Given the lack of an express state courts' factual finding, the Court accepts Petitioner's assertion that Caulkins and the state trial court did not review the elements of the offense. This claim was not presented to the state courts. In any event, given that Petitioner had seven prior convictions for similar conduct, coupled with the stipulation of facts about his conduct, if true, this fact would not necessarily invalidate his plea as the constitutional requirements for a plea colloquy are not rigid. Here, Petitioner's decision to plead guilty was a best interest plea that was based upon his criminal history and the fact that family members were going to be state witnesses at his trial. Thus, the Court concludes that the state courts' rulings on Petitioner's ineffective assistance claims are supported by the record and are reasonable application of federal law.

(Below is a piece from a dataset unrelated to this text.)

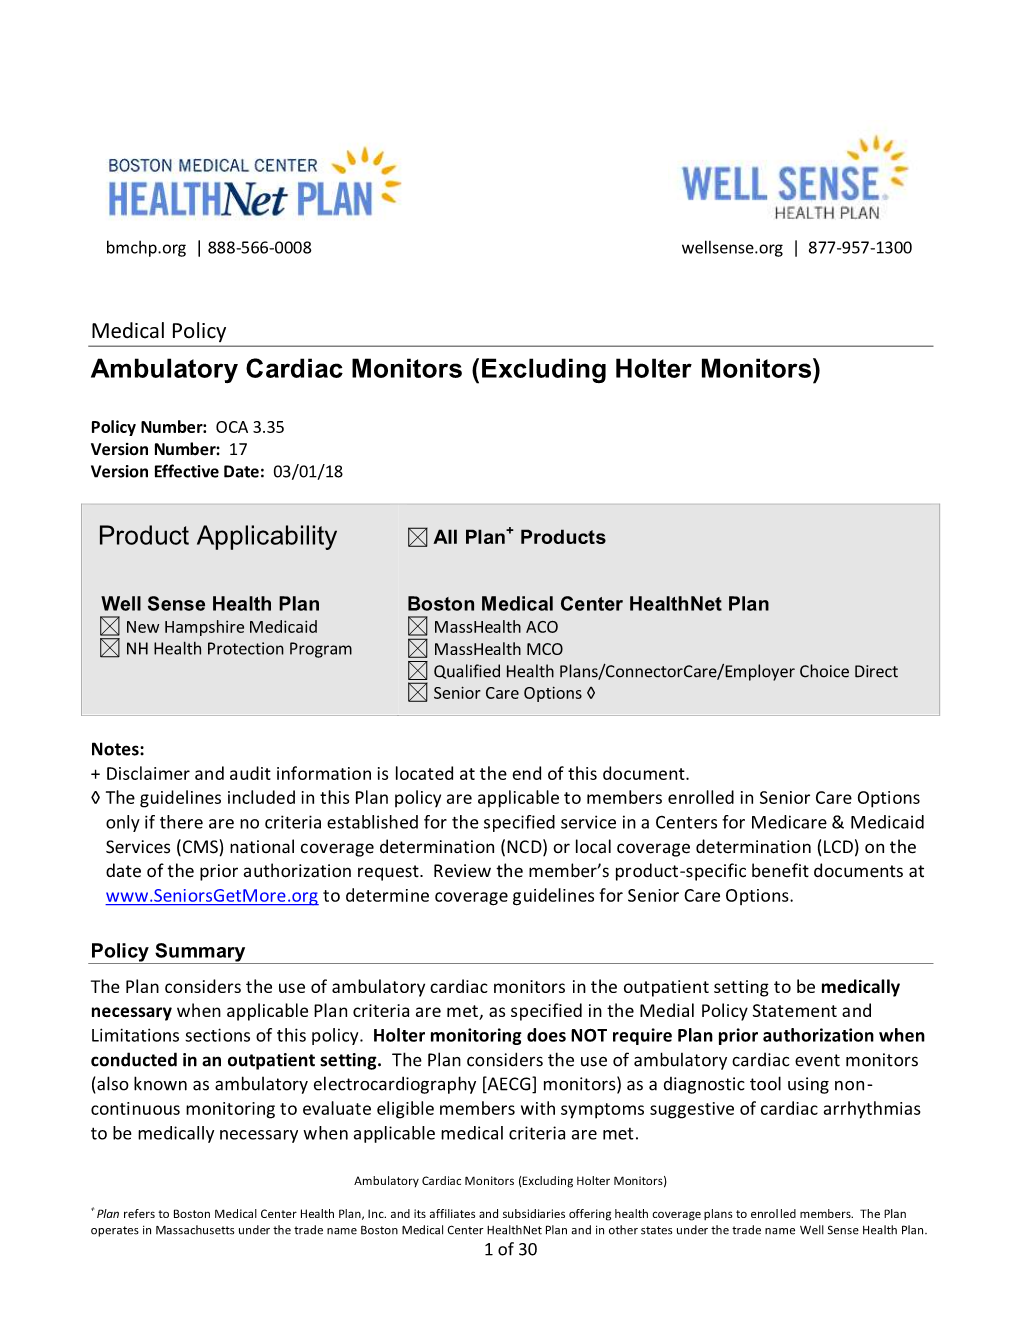 Ambulatory Cardiac Monitors (Excluding Holter Monitors)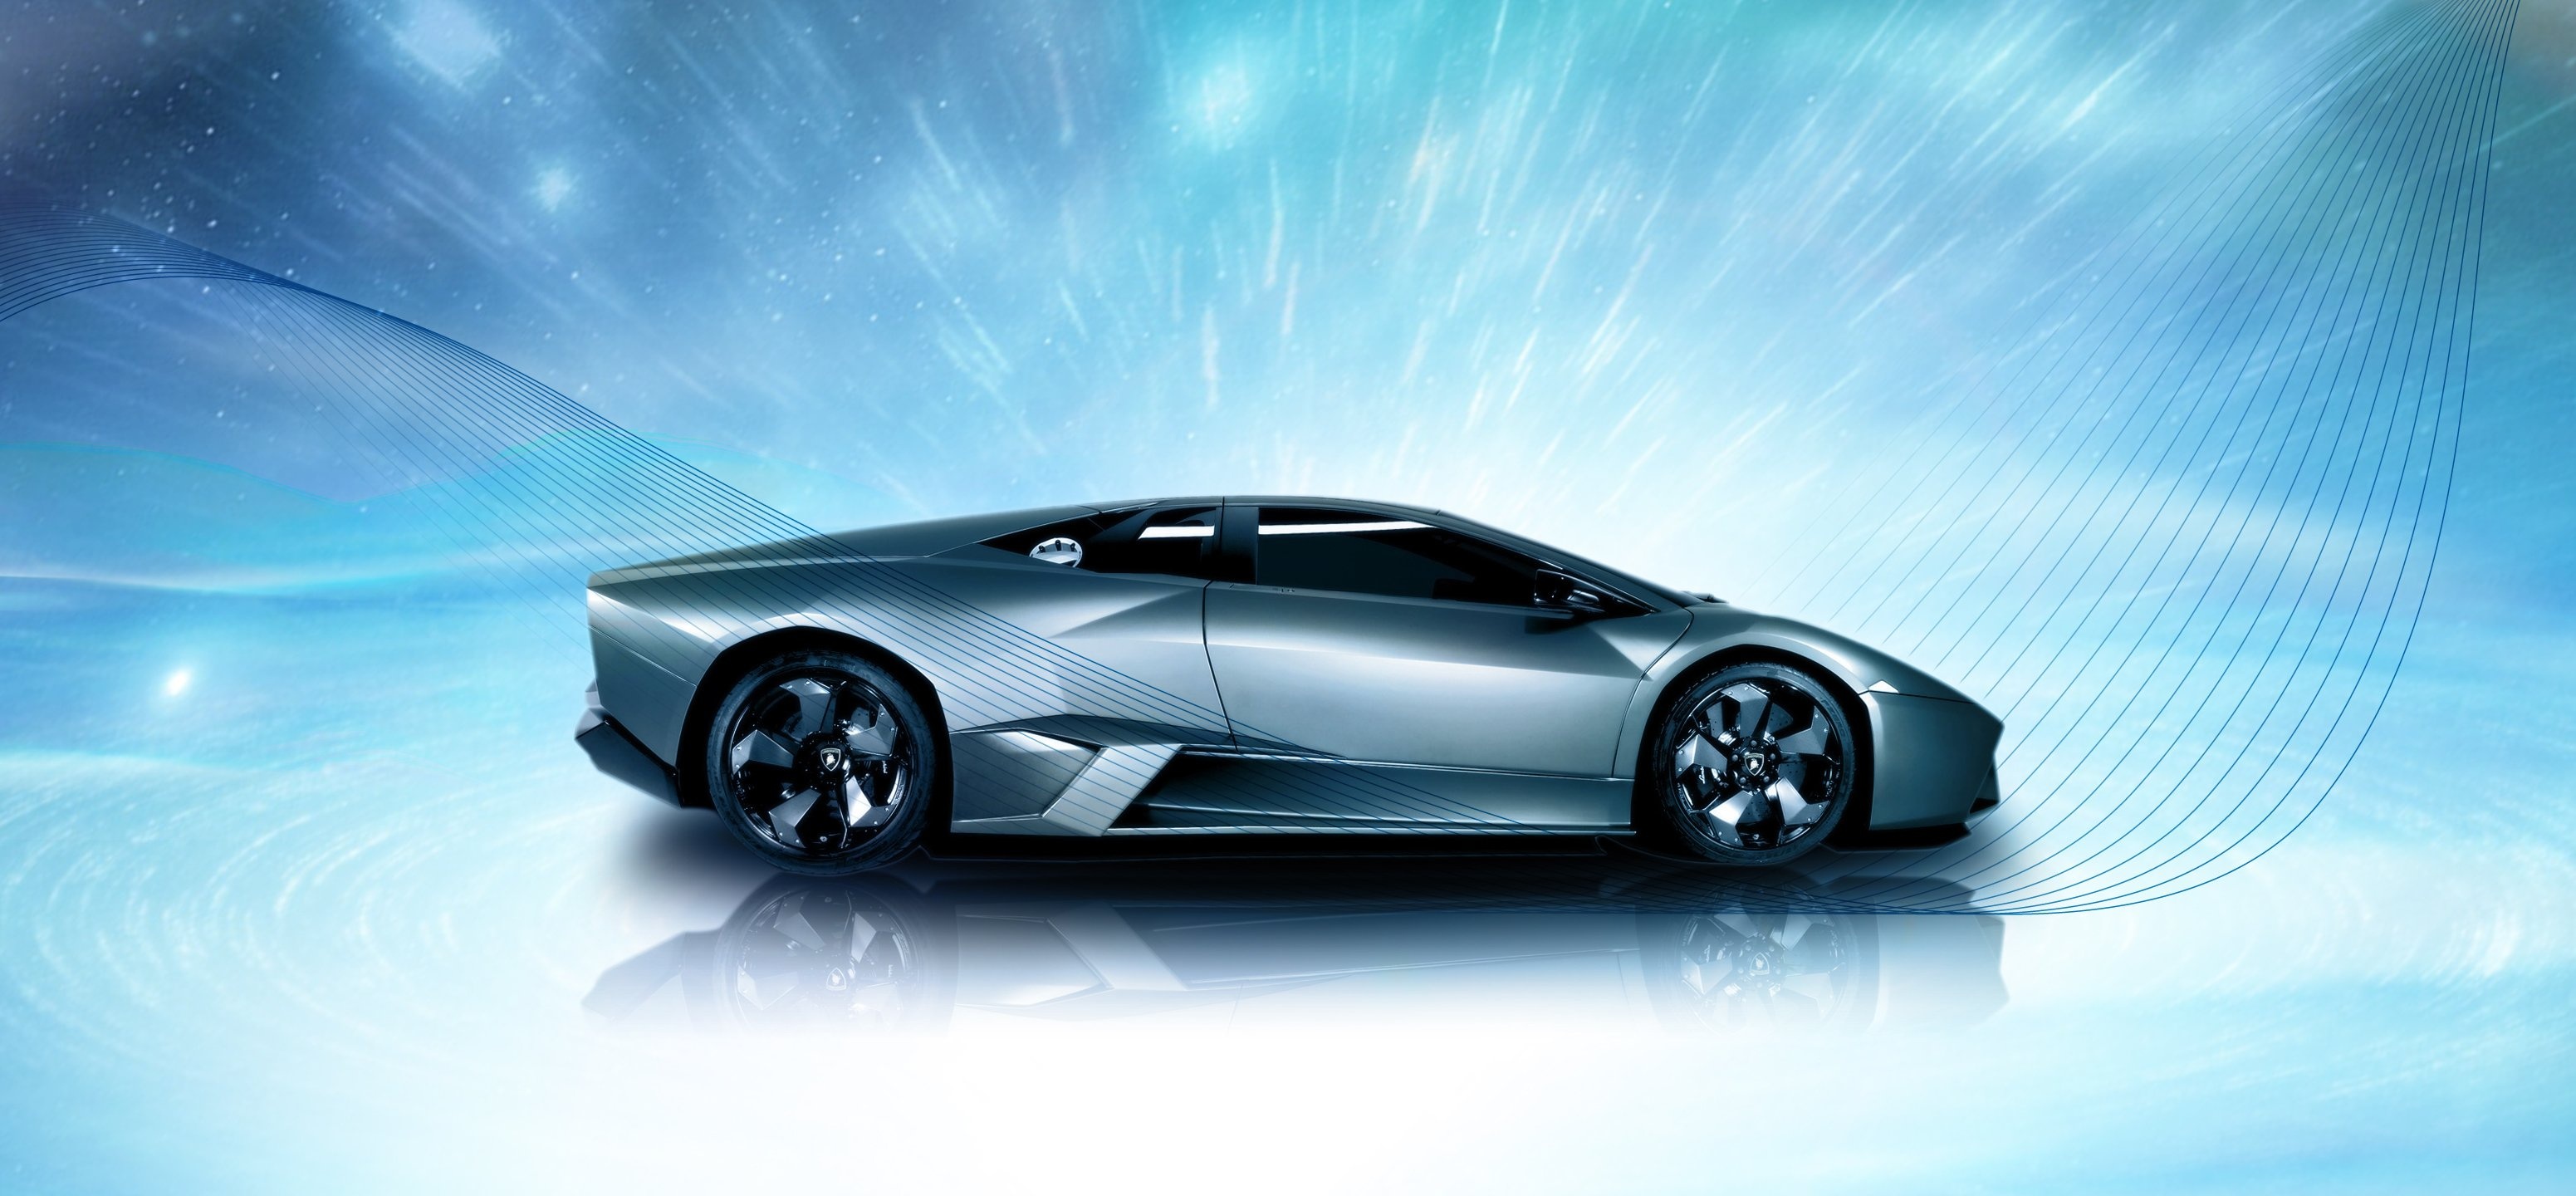 Lamborghini masterpiece, Stunning wallpaper, Striking visuals, Timeless beauty, 3110x1440 Dual Screen Desktop

Petitioner contends that the state courts unreasonably applied the prejudice prong of Strickland to his claim that his trial counsel failed to file a motion to withdraw his guilty plea. Petitioner argues that based upon state court precedents, his motion to withdraw would likely have been granted, given Petitioner's misunderstanding of the effects of the plea on his parole status. Petitioner asserts that he is only required to "show that there is a reasonable probability that, but for counsel's unprofessional errors, the result of the proceeding would have been different." Strickland, 466 U.S. at 694. Yet, the only evidence the Petitioner presented in support of his claim that he could have prevailed on his motion to withdraw his guilty plea, is his assertion and citation to state law. The best indicator that Tennessee courts would not have granted Petitioner's motion are the actual decisions of the sentencing judge and the appellate court on that contention. This Court concludes that Petitioner has not proven prejudice that the state courts finding of a lack of prejudice is unreasonable.
For these reasons, Respondent's motion to dismiss (Docket Entry No. 22), should be granted and the Petitioner's cross motion to grant the petition (Docket Entry No. 23) should be denied.
An appropriate Order is filed herewith.